Isolating A on the left-hand side of this equation by multiplying by

    \[\twobytwo{I}{0}{-A_{21}A_{11}^{-1}}{I}^{-1} = \twobytwo{I}{0}{A_{21}A_{11}^{-1}}{I}\]

yields the block triangular factorization

    \[A = \twobytwo{A_{11}}{A_{12}}{A_{21}}{A_{22}} = \twobytwo{I}{0}{A_{21}A_{11}^{-1}}{I} \twobytwo{A_{11}}{A_{12}}{0}{A_{22} - A_{21}A_{11}^{-1}A_{12}}.\]

We’ve factored A into block triangular pieces, but these pieces are not (conjugate) transposes of each other. Thus, to make this equation more symmetrical, we can further decompose

(1)   \[A = \twobytwo{A_{11}}{A_{12}}{A_{21}}{A_{22}} = \twobytwo{I}{0}{A_{21}A_{11}^{-1}}{I} \twobytwo{A_{11}}{0}{0}{A_{22} - A_{21}A_{11}^{-1}A_{12}} \twobytwo{I}{0}{A_{21}A_{11}^{-1}}{I}^*. \]

This is a block version of the Cholesky decomposition of the matrix A taking the form A = LDL^*, where L is a block lower triangular matrix and D is a block diagonal matrix.

We’ve met the second of our main characters, the Schur complement

(Sch)   \[S = A_{22} - A_{21}A_{11}^{-1}A_{12}. \]

This seemingly innocuous combination of matrices has a tendency to show up in surprising places when one works with matrices.4See my post on the Schur complement for more examples. It’s appearance in any one place is unremarkable, but the shear ubiquity of A_{22} - A_{21}A_{11}^{-1}A_{12} in matrix theory makes it deserving of its special name, the Schur complement. To us for now, the Schur complement is just the matrix appearing in the bottom right corner of our block Cholesky factorization.

The Schur complement enjoys the following property:5This property is a consequence of equation (1) together with the conjugation rule for positive (semi)definiteness, which I discussed in this previous post.

Positivity of the Schur complement: If A=\twobytwo{A_{11}}{A_{12}}{A_{21}}{A_{22}} is positive (semi)definite, then the Schur complement S = A_{22} - A_{21}A_{11}^{-1}A_{12} is positive (semi)definite.

As a consequence of this property, we conclude that both A_{11} and S are positive definite.

With the positive definiteness of the Schur complement in hand, we now return to our Cholesky factorization algorithm. Continue by recursively6As always with recursion, one needs to specify the base case.
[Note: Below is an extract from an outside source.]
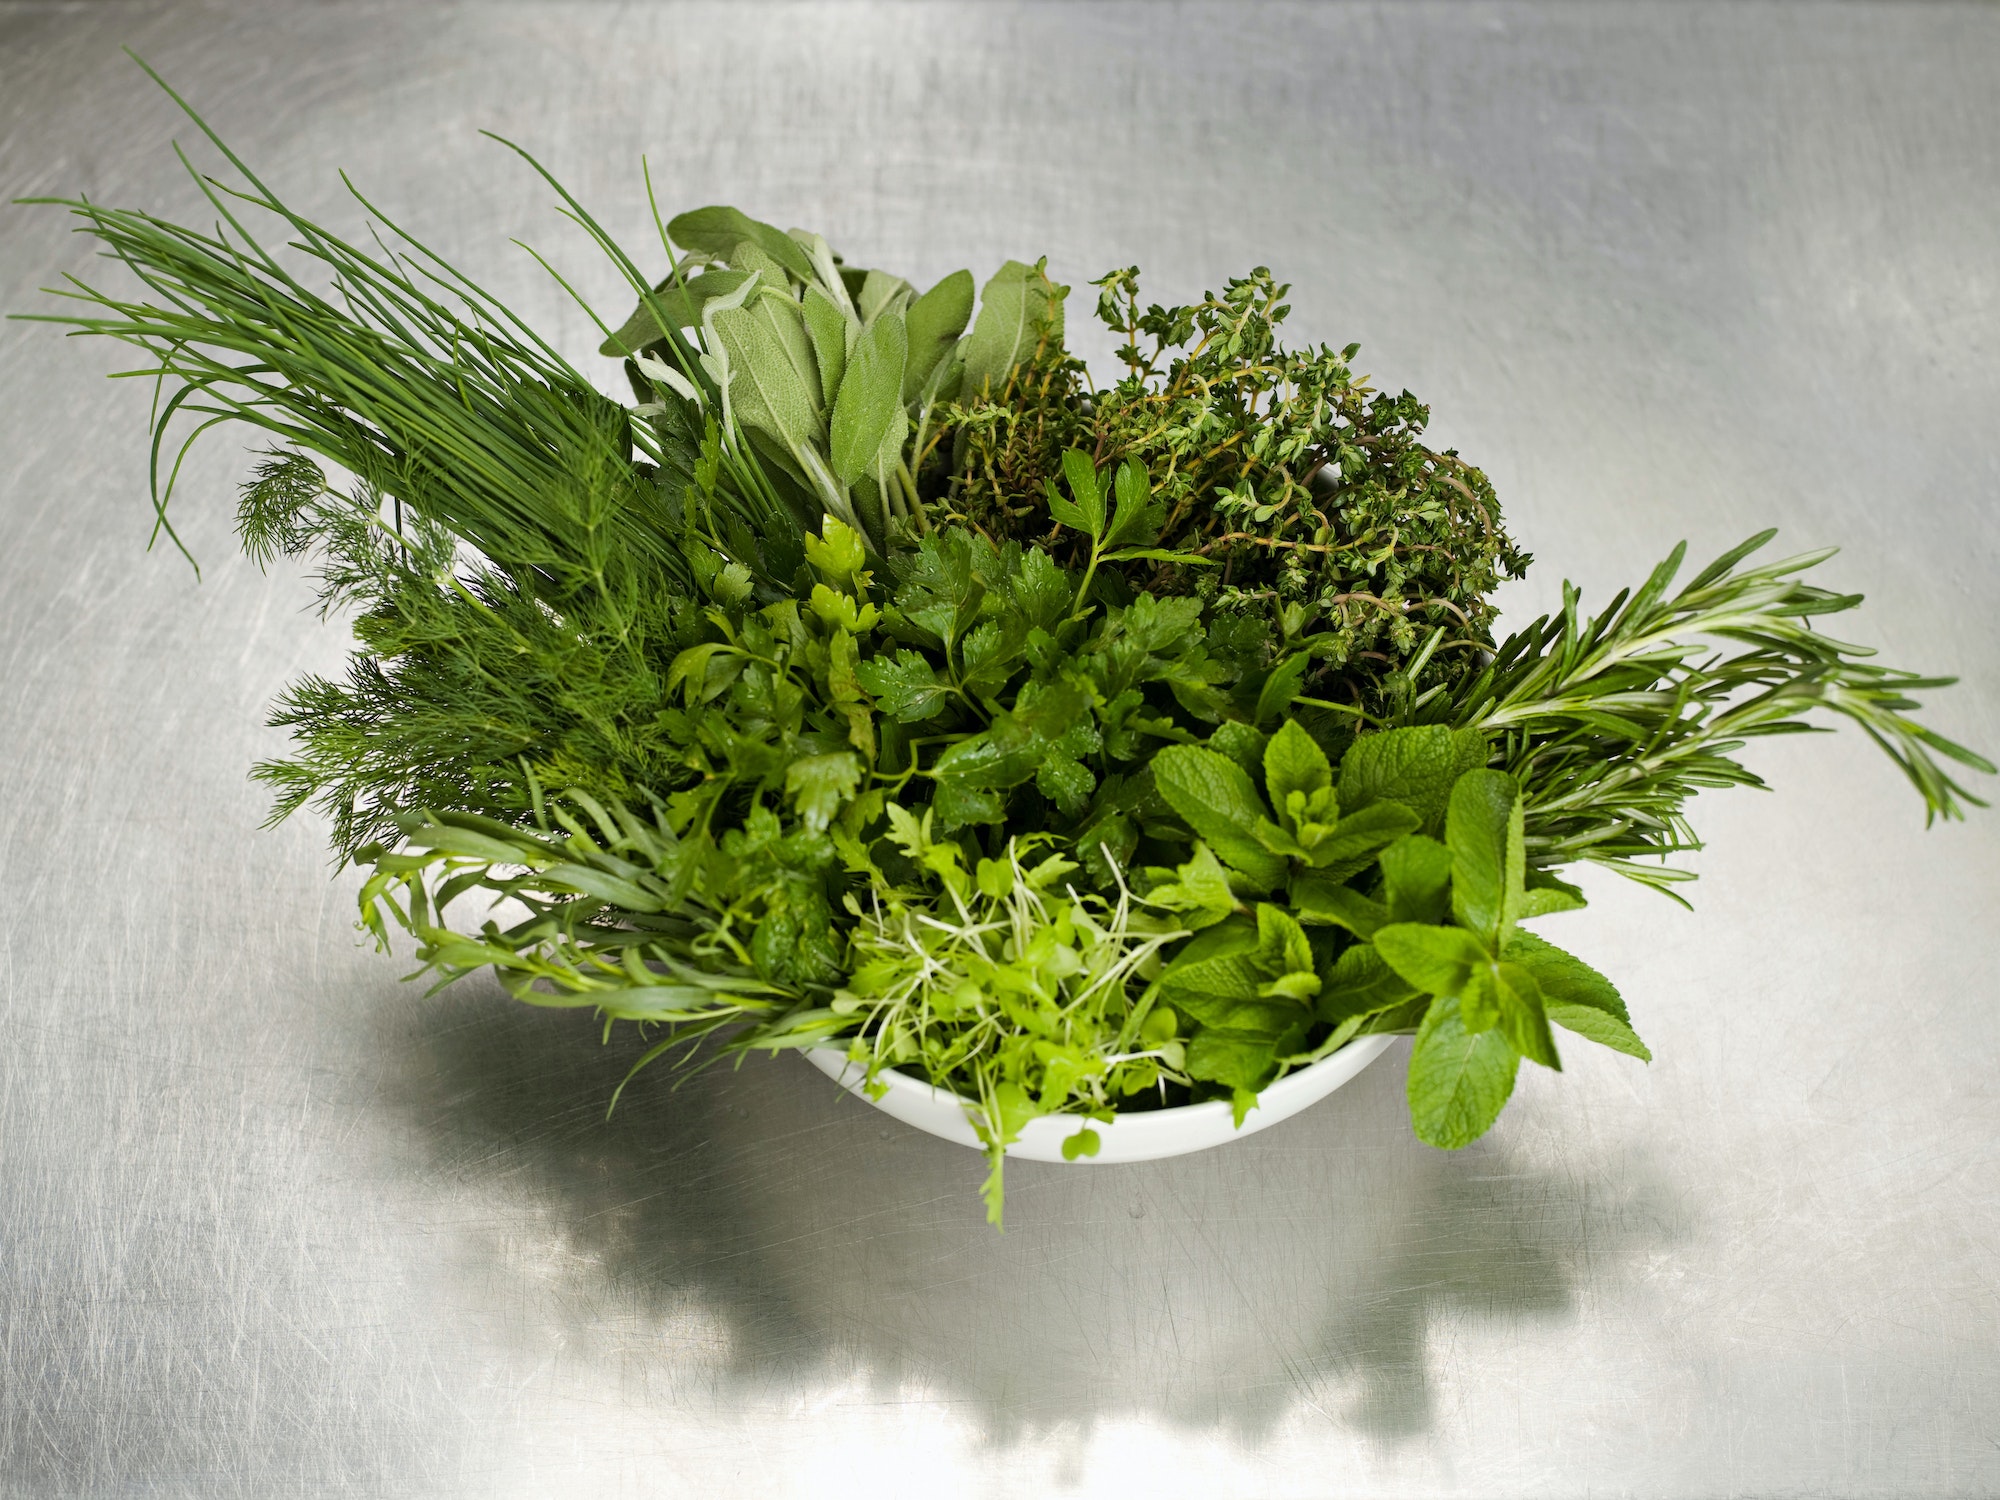 A bowl of fresh herbs

For us, the base case is just that Cholesky decomposition of a 1\times 1 matrix A is A = A^{1/2} \cdot A^{1/2}. computing Cholesky factorizations of the diagonal blocks

    \[A_{11} = L_{11}^{\vphantom{*}}L_{11}^*, \quad S = L_{22}^{\vphantom{*}}L_{22}^*.\]
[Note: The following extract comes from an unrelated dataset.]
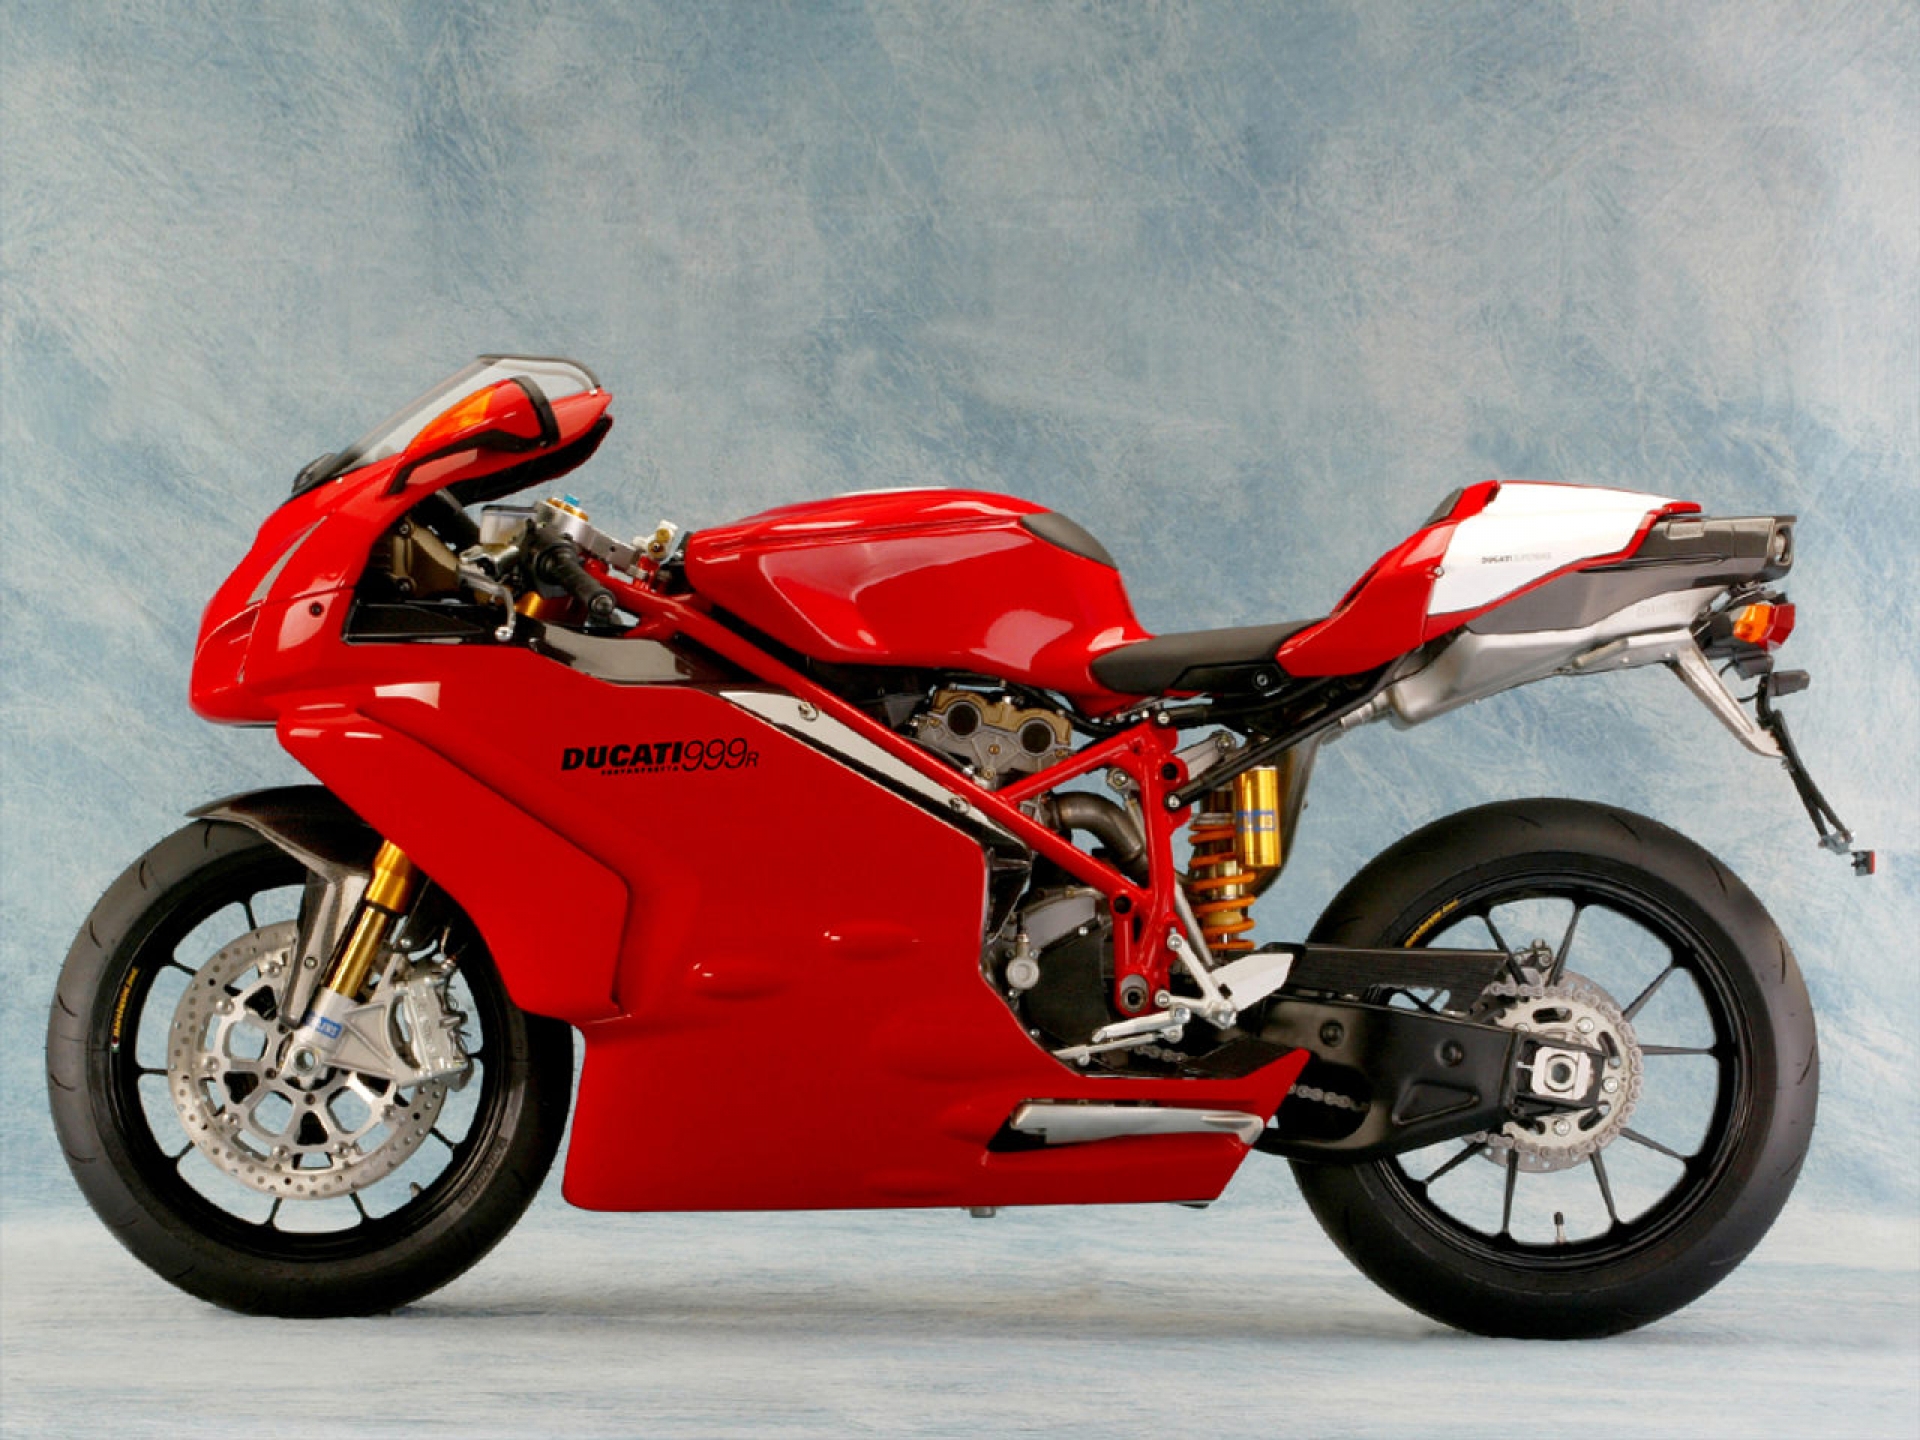 Ducati Superbike 999R Xerox #7

Inserting these into the block LDL^* factorization (1) and simplifying gives a Cholesky factorization, as desired:

    \[A = \twobytwo{L_{11}}{0}{A_{21}^{\vphantom{*}}(L_{11}^{*})^{-1}}{L_{22}}\twobytwo{L_{11}}{0}{A_{21}^{\vphantom{*}}(L_{11}^{*})^{-1}}{L_{22}}^* =: LL^*.\]

Voilà, we have obtained a Cholesky factorization of a positive definite matrix A!

By unwinding the recursions (and always choosing the top left block A_{11} to be of size 1\times 1), our recursive Cholesky algorithm becomes the following iterative algorithm: Initialize L to be the zero matrix. For j = 1,2,3,\ldots,N, perform the following steps:

  1. Update L. Set the jth column of L:

        \[L(j:N,j) \leftarrow A(j:N,j)/\sqrt{a_{jj}}.\]

  2. Update A. Update the bottom right portion of A to be the Schur complement:

        \[A(j+1:N,j+1:N)\leftarrow A(j+1:N,j+1:N) - \frac{A(j+1:N,j)A(j,j+1:N)}{a_{jj}}.\]

This iterative algorithm is how Cholesky factorization is typically presented in textbooks.

Nyström: Using Cholesky Factorization for Low-Rank Approximation

Our motivating interest in studying the Cholesky factorization was the solution of linear systems of equations Ax = b for a positive definite matrix A. We can also use the Cholesky factorization for a very different task, low-rank approximation.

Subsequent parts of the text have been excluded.